Hu Yongmin, Morgenroth Eberhard, Jacquin Céline
Eawag: Swiss Federal Institute of Aquatic Science and Technology, 8600 Dübendorf, Switzerland; ETH Zürich, Institute of Environmental Engineering, 8093 Zürich, Switzerland.
Eawag: Swiss Federal Institute of Aquatic Science and Technology, 8600 Dübendorf, Switzerland; ETH Zürich, Institute of Environmental Engineering, 8093 Zürich, Switzerland.

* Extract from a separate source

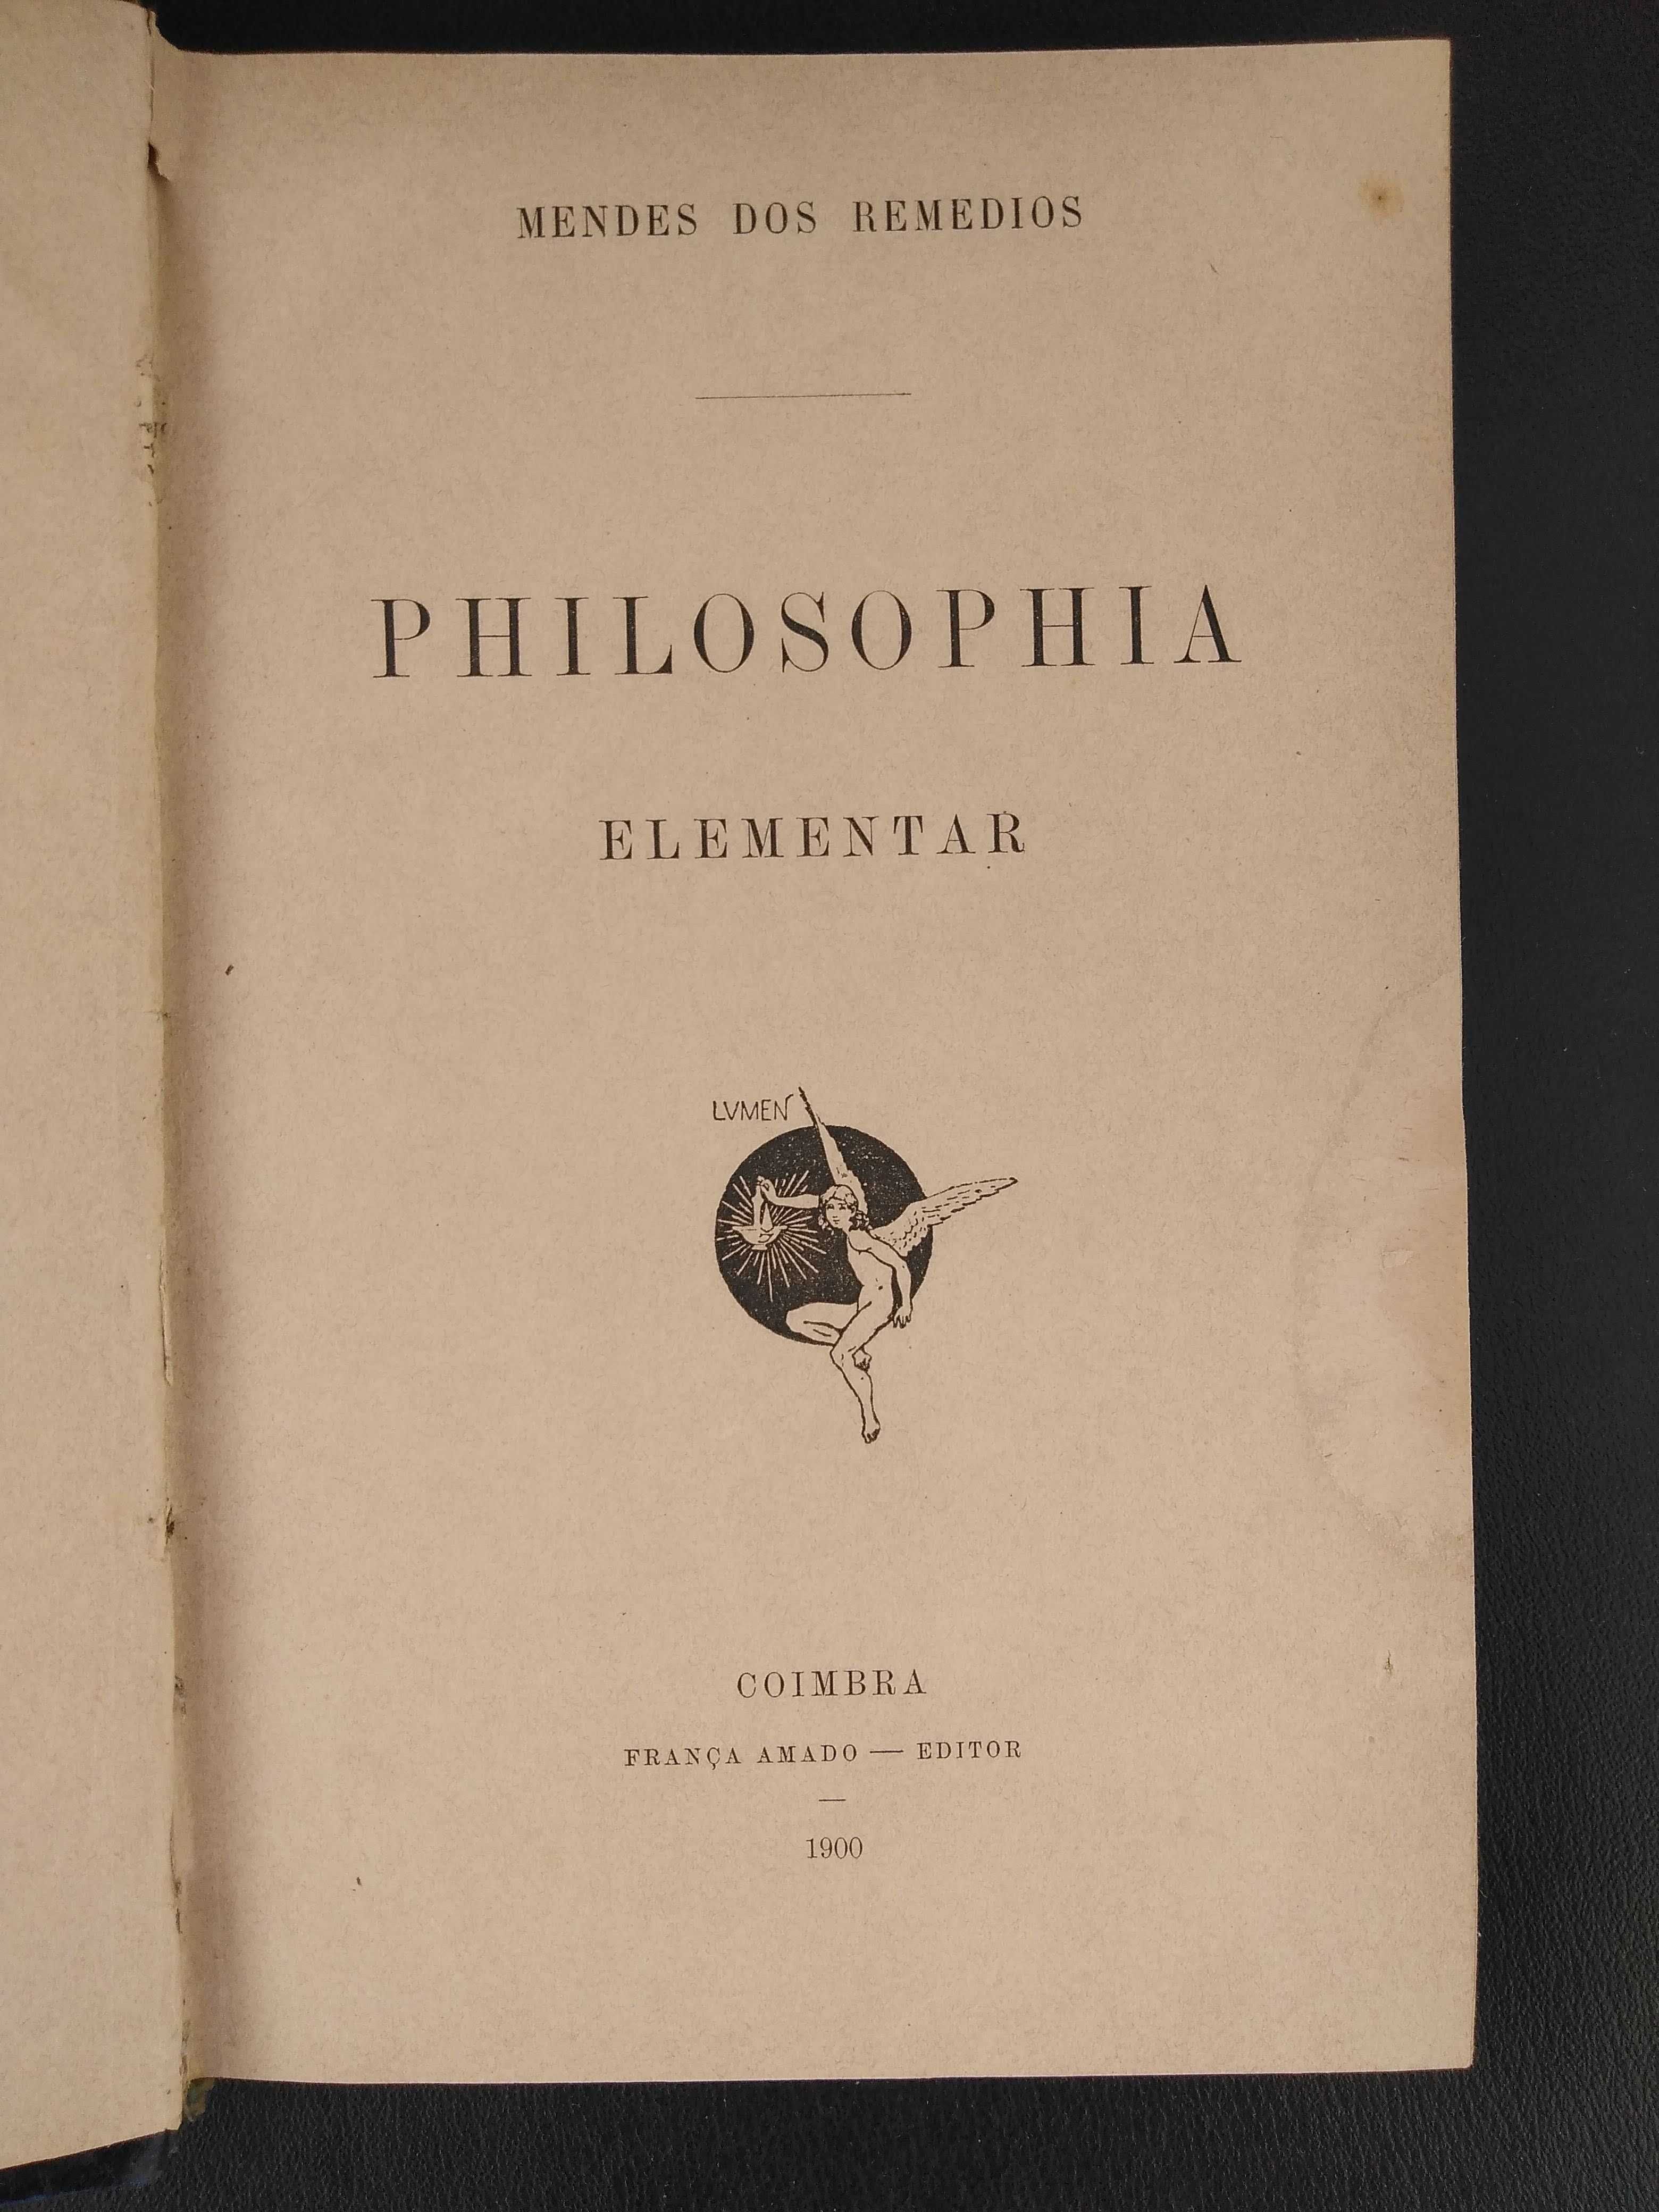 livro: Mendes dos Remedios "Philosophia elementar", 1900

Water Res. 2025 Jan 1;268(Pt A):122604. doi: 10.1016/j.watres.2024.122604. Epub 2024 Oct 11.
A currently increasing interest in water reuse is met with the concern about water quality. Excitation-emission matrix (EEM) measurements, which are widely implemented in laboratory analysis, emerge as a promising tool for characterizing both microbial and chemical water qualities in the online monitoring of water reuse systems. However, the robustness of EEM measurements has been rarely validated in actual online monitoring campaigns where predictions are made for new samples independent of those used to establish EEM analysis models, including the popular parallel factor analysis (PARAFAC). In this study, two strategies of conducting PARAFAC were examined for the online monitoring of a greywater reuse system using two EEM datasets from two monitoring periods for model establishment and model testing respectively. With the first strategy that is commonly used in laboratory analyses, an entire EEM datasets from one period was used to establish one PARAFAC model, and the maximum fluorescence intensity (F) of a PARAFAC component was used to predict total cell count (TCC) in another period. However, under the disturbance of dissolved organic matter (DOM) fluorescence in the background, F gave unreliable predictions in model testing. To address this problem, a second and novel strategy was proposed using an EEM clustering and PARAFAC component shift mining technique. This unsupervised algorithm, named K-PARAFACs, automatically groups EEMs into K clusters and on each cluster establishes a cluster-specific PARAFAC model with distinct component shapes. With this method, multiple PARAFAC models were established on one EEM dataset, with each model representing samples with certain TCC ranges and DOM compositions. In model testing, these cluster-specific PARAFAC models served as EEM classifiers. A new sample was not characterized by F but by the cluster-specific model that best fitted the EEM signal of the sample with the least numerical error. The proposed strategy demonstrates its robustness by successfully predicting the TCC trend in test datasets. Our findings suggest that K-PARAFACs is a promising tool that enables robust qualitative monitoring of water reuse systems with background DOM variability.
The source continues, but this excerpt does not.